When Neolithic and Bronze Age peoples arrived in Scotland some five thousand years ago they brought the Celtic Shorthorn with them which bred with the native wild cattle and voila – you have an industry where cattle were routinely driven and pastured in alternate mountain and lowland locations and then eventually with the development of the cattle industry driven to market by drovers – both on foot and on horseback. This became an established profession from the 16th century in Scotland, a skill that migrants to the Americas (US and Canada) took with them – along with their culture. All this activity was concurrent with the initial Spanish activity in the Americas. The Scots émigrés became a substantial component of what we now know as Cowboys of the American West.

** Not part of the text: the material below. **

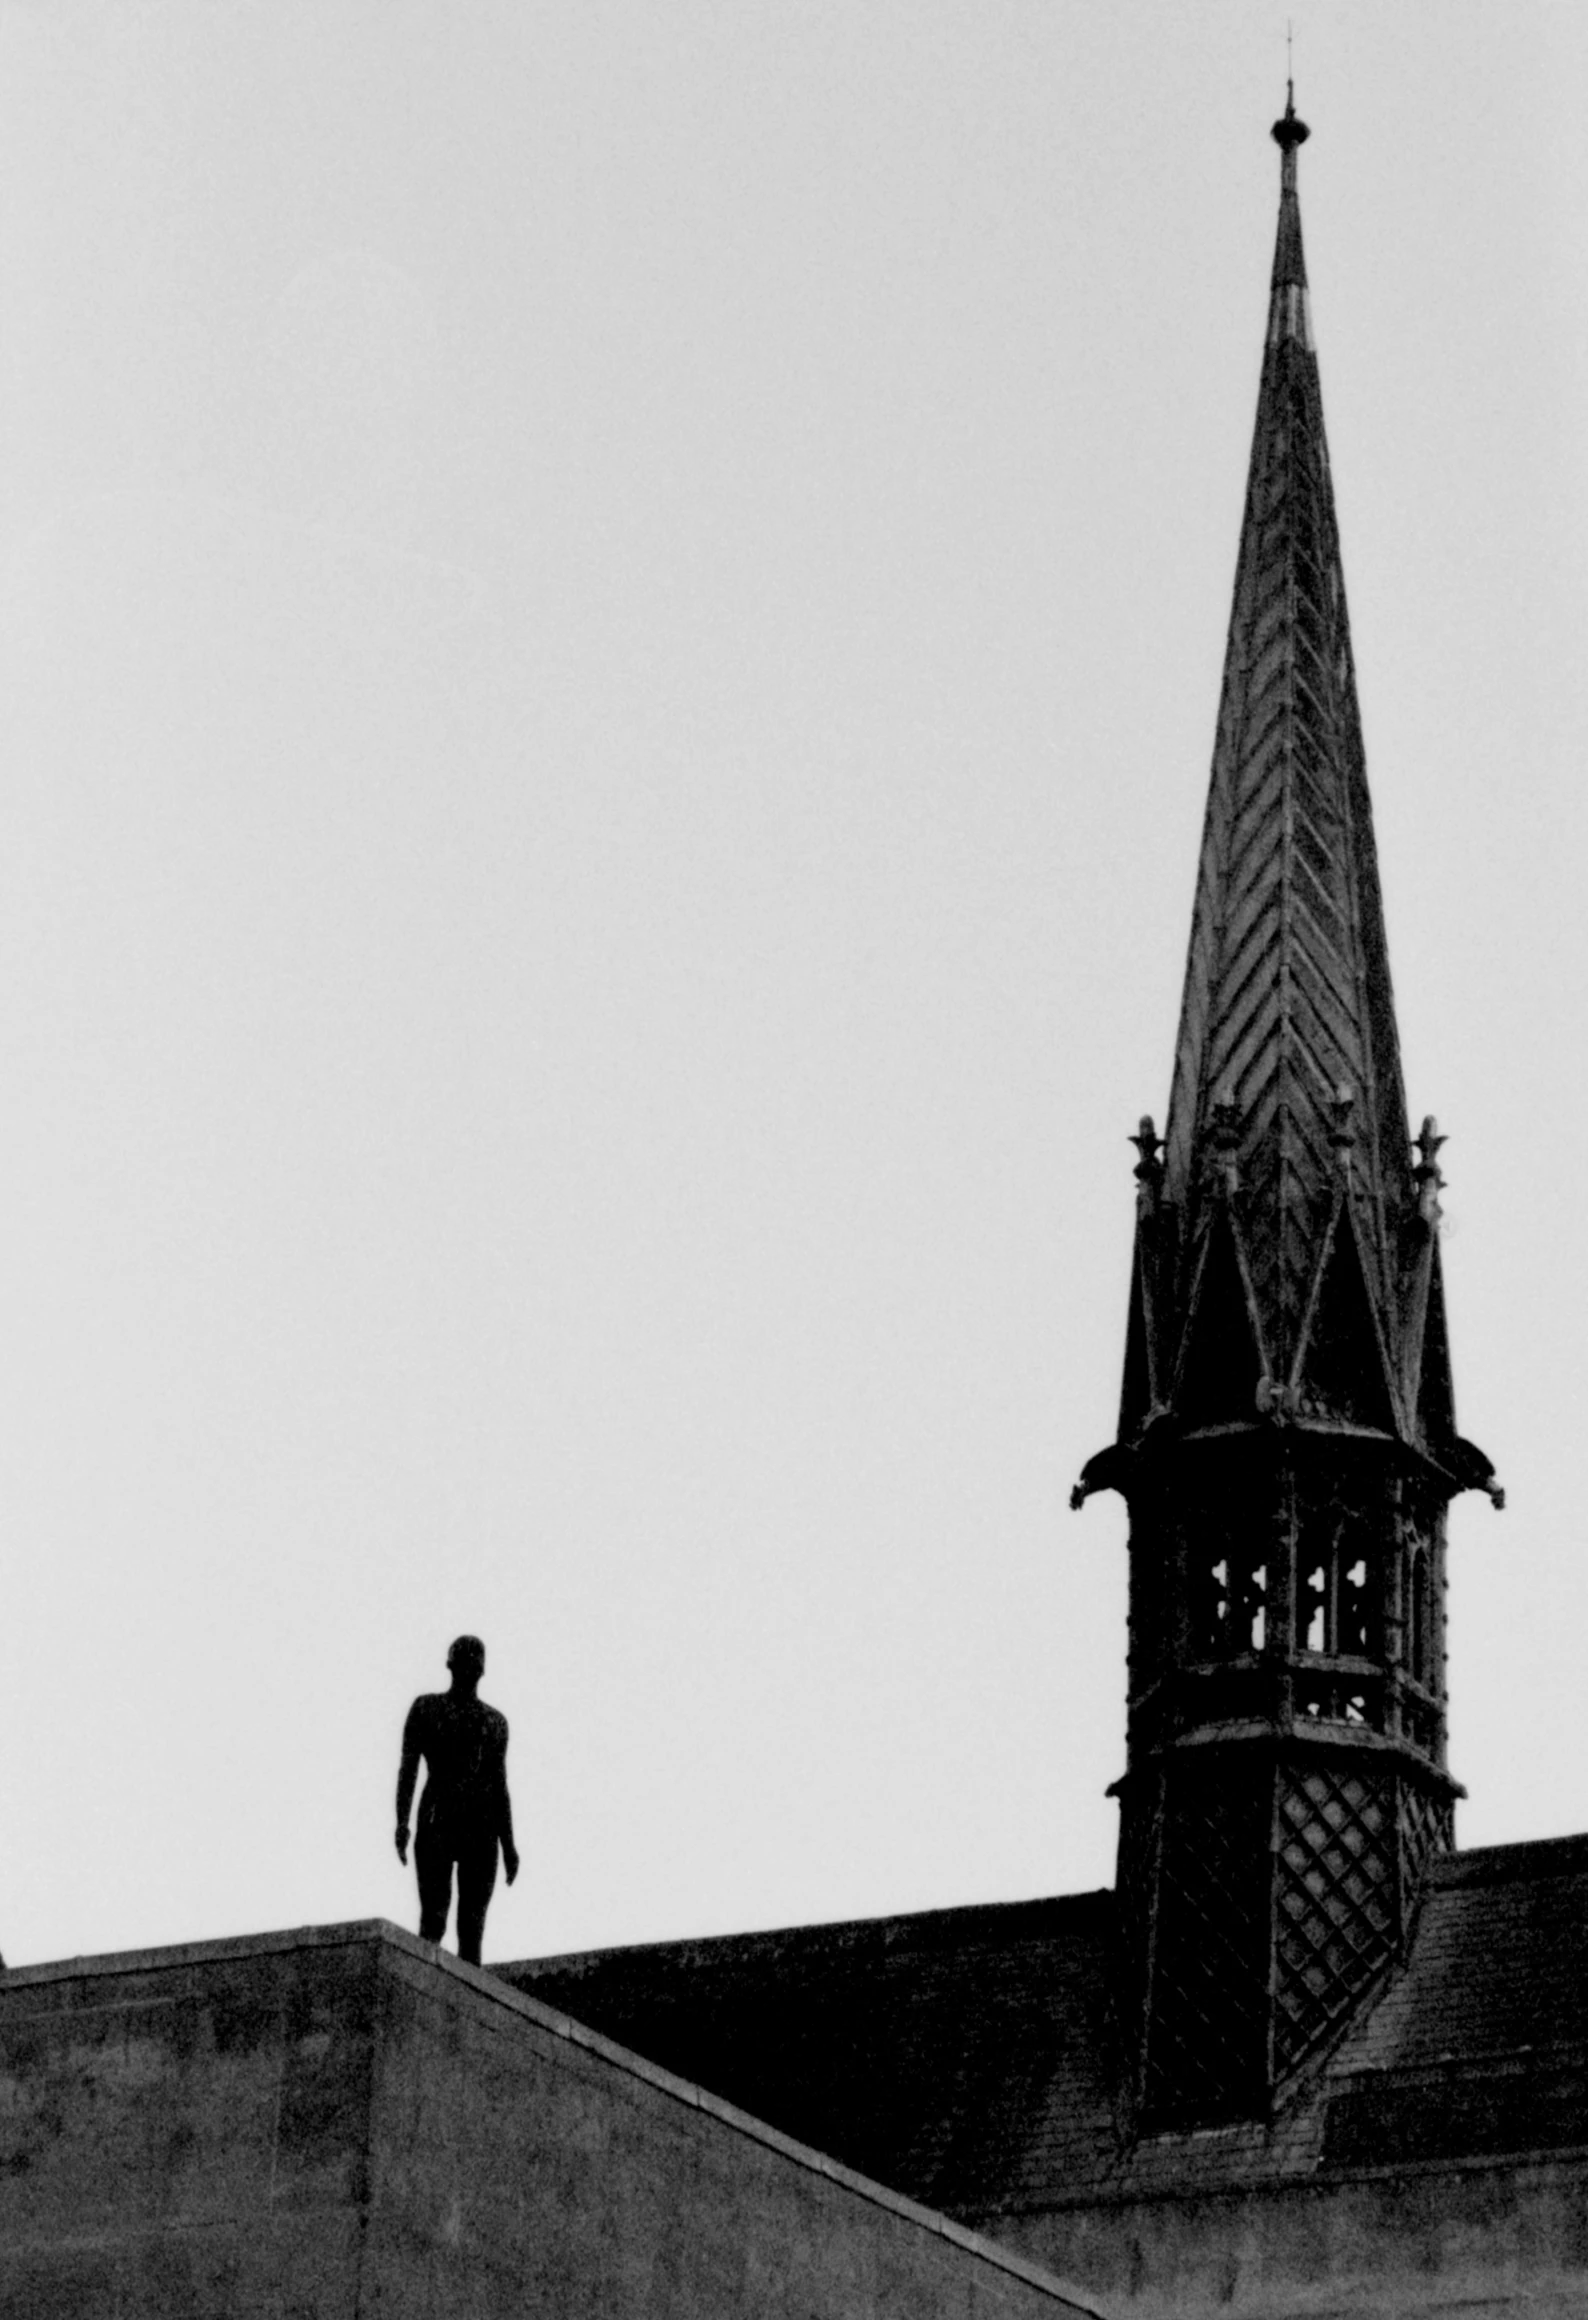 a black and white image of a person at the top of a church
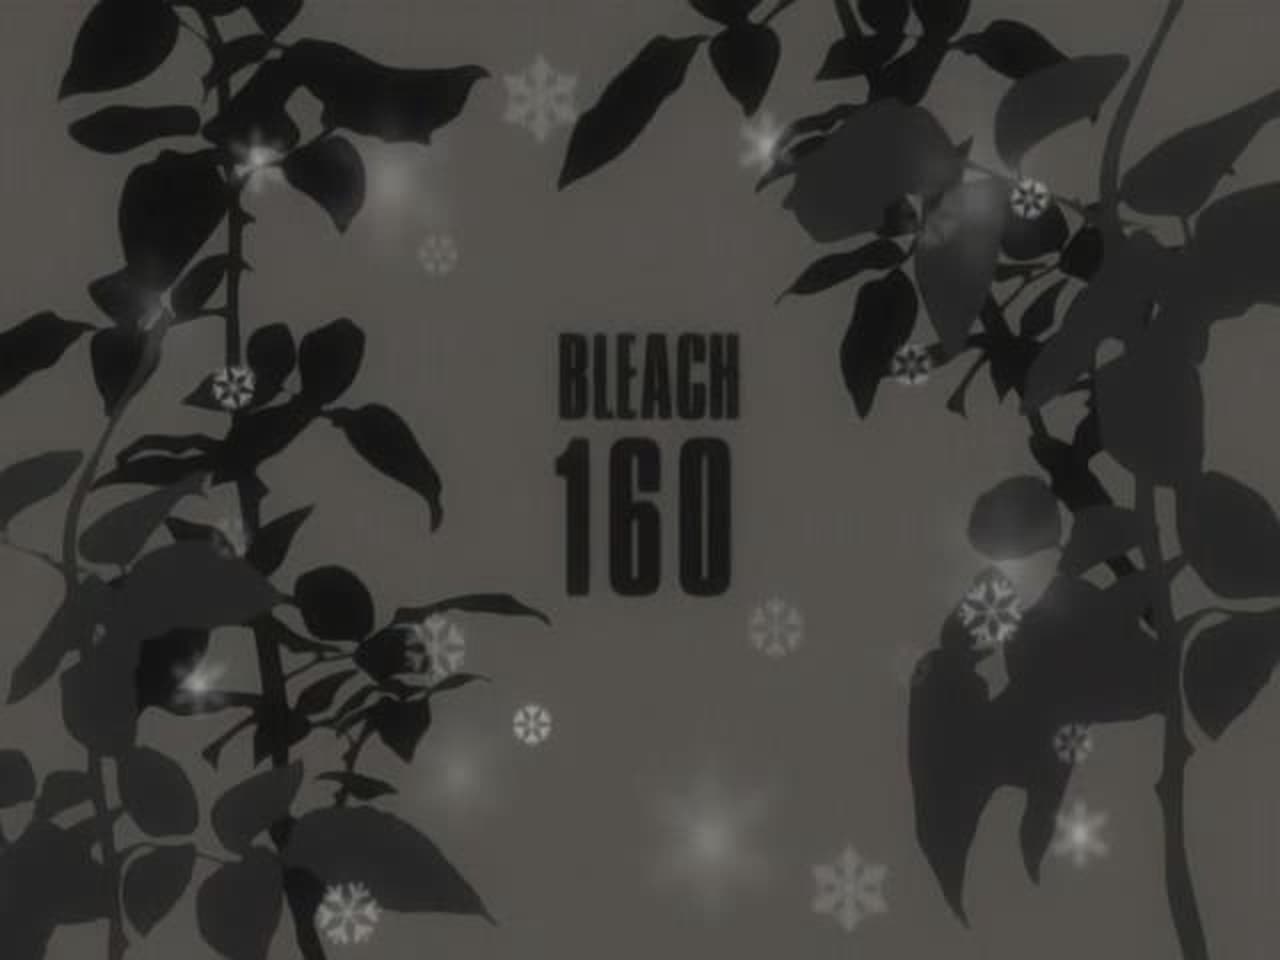 Bleach - Season 1 Episode 160 : Testament, Your Heart is Right Here...

The archeological record has not revealed whether wild horses spread into Scotland after the end of the last ice age around 10,000 years ago or if horses came with those first settlers. We are certain that horses have been in Scotland since at least the 8th century BC and were ultimately used later to great advantage by both the Picts and the Scots.

Ron Gibson, Scottish Member of Parliament (SNP) and historian in his, In Plaids and Bandanas: from Highland Drover to Wild West Cowboy establishes clear and coherent links between the Highland cattle drovers of 16th century Scotland and the North American West.

The Scottish connection and legacy is well documented in the record and seems highlighted by the seventy year ownership (1882-1952) of the iconic Matador Land and Cattle Company by a Dundee, Scotland group. Matador, located on the high plains at the caprock of the Texas Panhandle was once one of the largest ranches in the world reinforcing Scotland’s transatlantic relationship with Texas.

Matador and Texas history resounds with the names of folks like Alexander Mackay of Dundee and Murdo Mackenzie who was characterized by then US president Theodore Roosevelt as "the most influential of American cattlemen."

In the end there is no doubt that the Modern Cowboy is the composite of the great horse cultures of Europe, Asia and Africa embellished with our own American brand. The very existence of the Cowboy validates once again that we are everyman and the product of a back and forth cross cultural pollination. The world was getting smaller even then…

When all is said and done it took the Spanish to facilitate all this by contributing/importing their culture and the horse back to the Americas/New World ultimately to New Mexico and Texas where an increasingly homogenized though equally disparate group out of necessity prompted the creation and evolution of our modern cowboy
decades before my forefathers landed at (or somewhat near) Plymouth Rock.

Aye,

Ned Buxton

One of the inspirations for this post and an excellent source of information on this topic is the book, Origins of the First American Cowboys by Donald A. Chávez y Gilbert. Donald is an educator, historian and writer from Belen, New Mexico where he teaches in the Los Lunas Public Schools and also operates the Terra Patre Farm. You can gain some of the interesting details of this great adventure by reading his revealing book in its entirety, online at:
www.nmhcpl.org/COWBOY.html. This gentleman has his act together and we strongly recommend this undoubted future member of the Buckaroo Hall of Fame for his objective and well written works.

Might of Right also recommends Highland Cowboys: From the Hills of Scotland to the American Wild West and Plaids and Bandanas: From Highland Drover to Wild West Cowboy both by historian and Scottish MP Rob Gibson who recounts the connection between the cattle cultures of Scotland and those of the iconic Texas cattle industry. Boots and kilts, aye.